# Colnago Monotitan



## thall (Nov 4, 2005)

Greetings

Here are pictures of my Monotitan, I’d be interested to hear from anyone else who has one and pictures. I love this bike, it rides like a dream and I always get comments on the paint job. 

There is very little information I can find on the Monotitan or even early Colnago titanium frame production, below is what I have been able to loosely piece together. 

1993-1995 - Colnago produced the Bi-Titan(double down tube, Columbus Steel fork , custom drawn 6/4 Ti. ).

1996-97 - Colnago produced the Master Ti.(double down tube, Columbus Steek fork, Custom Drawn 6/4 Ti. , a diamond profile Top-tube + seat-tube ovalized at the BB. 

1998 – Monotitan – diamond profile top-tube, round down tube.

1999 – 01 - Ovalmaster, diamond profile top-tube, oval profile down tube.

2002 - CT1 with titanium frame/carbon rear triangle.

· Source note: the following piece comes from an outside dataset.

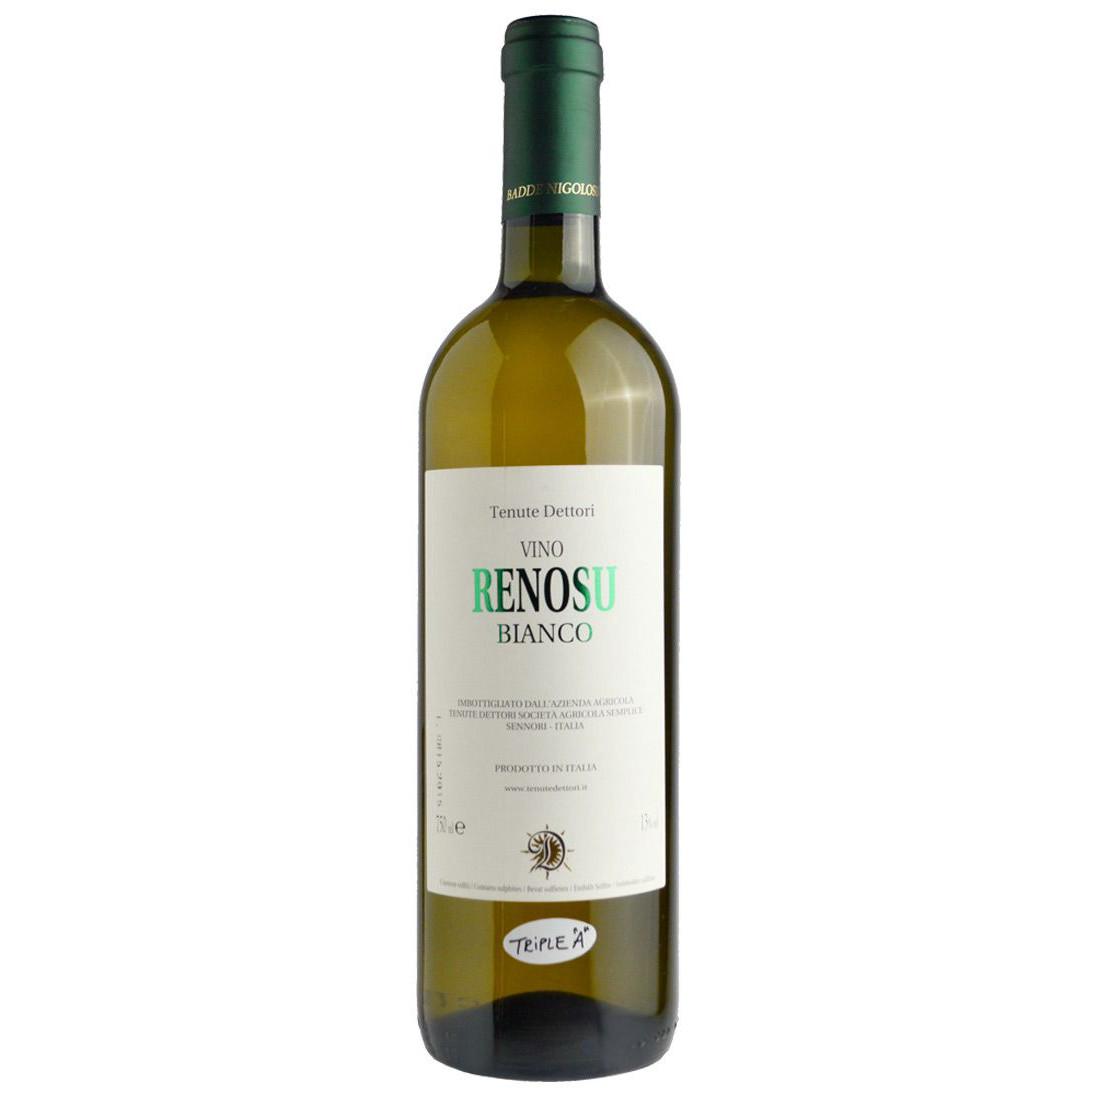 Tenute Dettori - Vino Bianco Renosu - Triple A -

Any other information would appreciated. Also, I know the paint is Art Décor but I have not seen this exact paint job on any other Colnago.

Regards,

Tracy


----------



## slowdave (Nov 29, 2005)

One of the guys i ride with has a bi-titan orange, which has shimano (its just wrong) dura ace on it. His dad bought it for him while in Russa a few years ago. Its a nice piece of artwork that he only rides occationally when his good bikes are not working as well as he would like.


----------



## smokva (Jul 21, 2004)

> Its a nice piece of artwork that he only rides occationally when his good bikes are not working as well as he would like.


He doesn't deserve it


----------



## El Cheapo (May 13, 2005)

*Monotitan! My ride!*

I thought I was the only one that had this Colnago frame (AD-11 Black, Red, White). Very rare to see them around. I still believe that this bike will be the last I ever own. Tell other riders that I want to be buried with this bike when I die. It's that GREAT! Mine has all 1998 Campy Record 9 with 04 Zonda wheels. Lucked out and bought this bike on a consignment rack in 1999. Maybe had 300 miles on it. Perfect condition. Still looks like new after 20,000+ miles.


----------



## edmundjaques (Dec 29, 2005)

FWIW Paint scheme as pictured is AD14. AD= art decor. 14 is yellow in all Colnago schemes. Obvious really. I have an AD14 MXL. Def. one of the best designs IMHO.


----------



## thall (Nov 4, 2005)

Sharp color scheme for sure but not sure it is AD14. What does AD14 indicate, it's yellow? If you go to http://www.trialtir-usa.com/2006-colnago/colors/colors-pre.htm and look up AD14 it is a little different in each model from the Master Light to the Ovalmaster.


----------